In this paper, two retrospective cohort studies were included in a majority of prospective studies. In comparison, prospective studies are preferred to retrospective studies as patients are available for accurate assessment and examination; in a retrospective review, it is not possible to confirm the patient’s condition. A retrospective review further compounds a problem inherent in delirium: diagnosis. Physician’s diagnoses may be subjective; as such, one physician may view a patient as delirious whilst another might regard it as preexisting dementia. The propensity for misinterpretation and incorrect diagnosis may be significant in clinical settings which do not use standardised criterion such as the CAM-ICU to determine diagnosis. Though the methodology and results of retrospective studies may be apocryphal, they are included in this paper for the sake of completeness.

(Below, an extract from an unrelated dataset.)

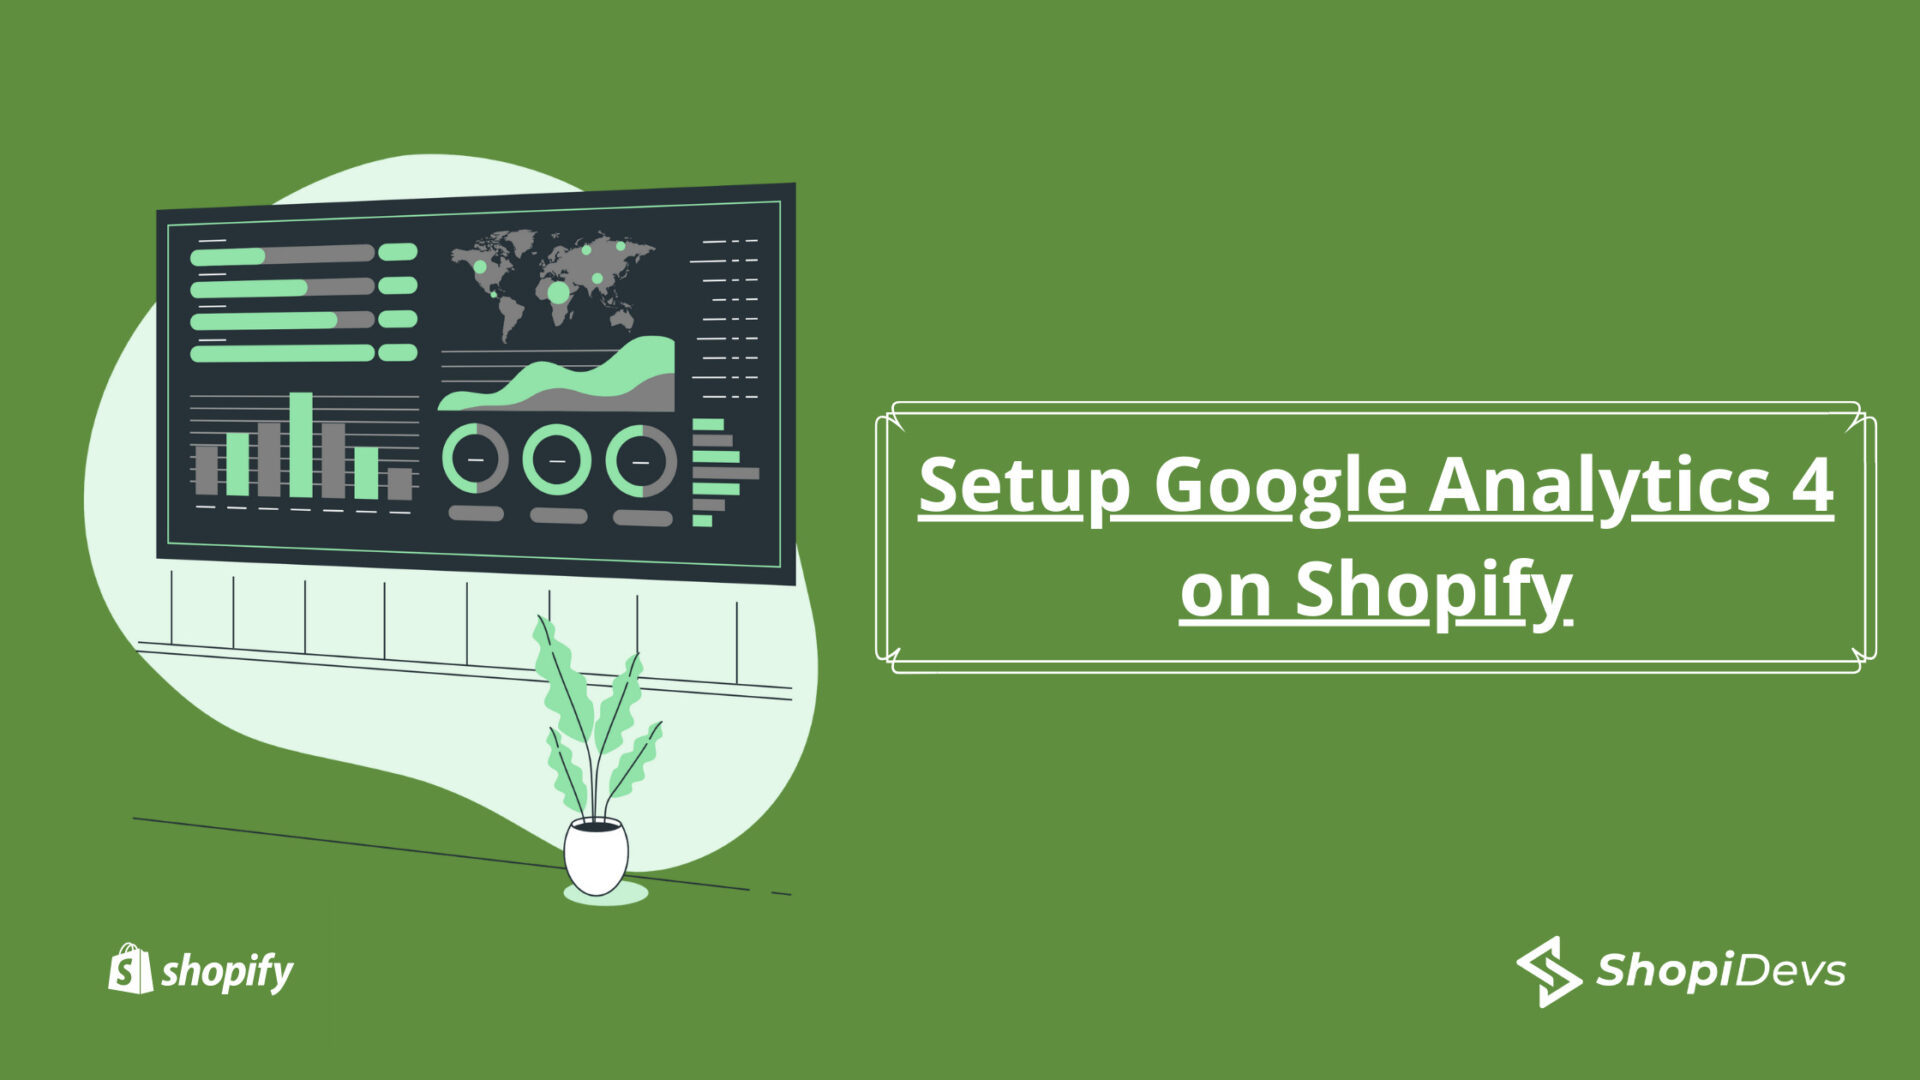 Setup Google Analytics 4 on Shopify

4.1. Implications for Practice and Research

(i)By creating a predictive model for delirium, clinicians may be able to identify patients at risk of developing delirium and implement preemptive measures. This can be further developed into an ICU-specific model. For example, a patient in the medical ICU will have a different set of risk factors, such as the presence of sepsis, co-morbidity, and alcohol use, from a patient in the cardiac ICU. A protocol based on this model will assist the nurse in monitoring patients at higher risk for developing delirium, identifying modifiable risk factors to prevent or reduce the severity of delirium.(ii)Clinicians should prescribe benzodiazepines judiciously, moderated by an understanding of the patient’s mental status and propensity for developing delirium. Conversely, the precipitation of delirium in a patient prescribed benzodiazepines must be considered in the context of the patient’s condition and not attributed to pharmacological reasons alone.(iii)An alternative to using benzodiazepines as sedatives may be haloperidol. van den Boogard et al. [35] found that haloperidol prophylaxis resulted in lower delirium incidence and more delirium free days as compared to the control group. However, the results still need to be verified via a reliable randomised controlled trial.(iv)Randomised control trials should be conducted to investigate the efficacy of other possible sedatives such as dexmedetomidine or opioids in comparison to benzodiazepines. (v)Strength of studies could be further improved by increasing sample sizes, recruiting from more than one hospital and examining diverse factors in order to synthesise stronger evidence. Future studies may examine the effects of biomarkers on delirium in depth, possibly isolating key biomarkers in the pathway leading to delirium.(vi)An examination of all the factors examined in the recent literature may be conducted, in order to create a composite model for predicting delirium. This predictive model can be used in future in tandem with research which examines interventions to reduce the incidence of delirium.

4.2. Limitations

This paper was limited by the parameters set in the search strategy; any relevant studies prior to 1990 were not included, possibly influencing the review findings. It was also limited by potential reporting bias, as “published studies tend to overreport positive and significant findings” [36]. Only studies written in English were included, possibly excluding relevant studies in other languages. Variability in the results may be attributed to the difference in sample sizes. Different study objectives, such as measuring pre- and postoperative variables and biomarkers, may have influenced the results of the studies.

5. Conclusion

Old age is a common risk factor for delirium in critically ill adult patients. In both medical and surgical ICUs, risk factors of older age and co-morbidity are significant, whilst heavy alcohol use and higher APACHE II scores are significant in medical and surgical ICUs, respectively. In the cardiac ICU, a variety of factors were significant, such as age and lower MMSE scores. Benzodiazepines are singled out as a significant risk factor for delirium.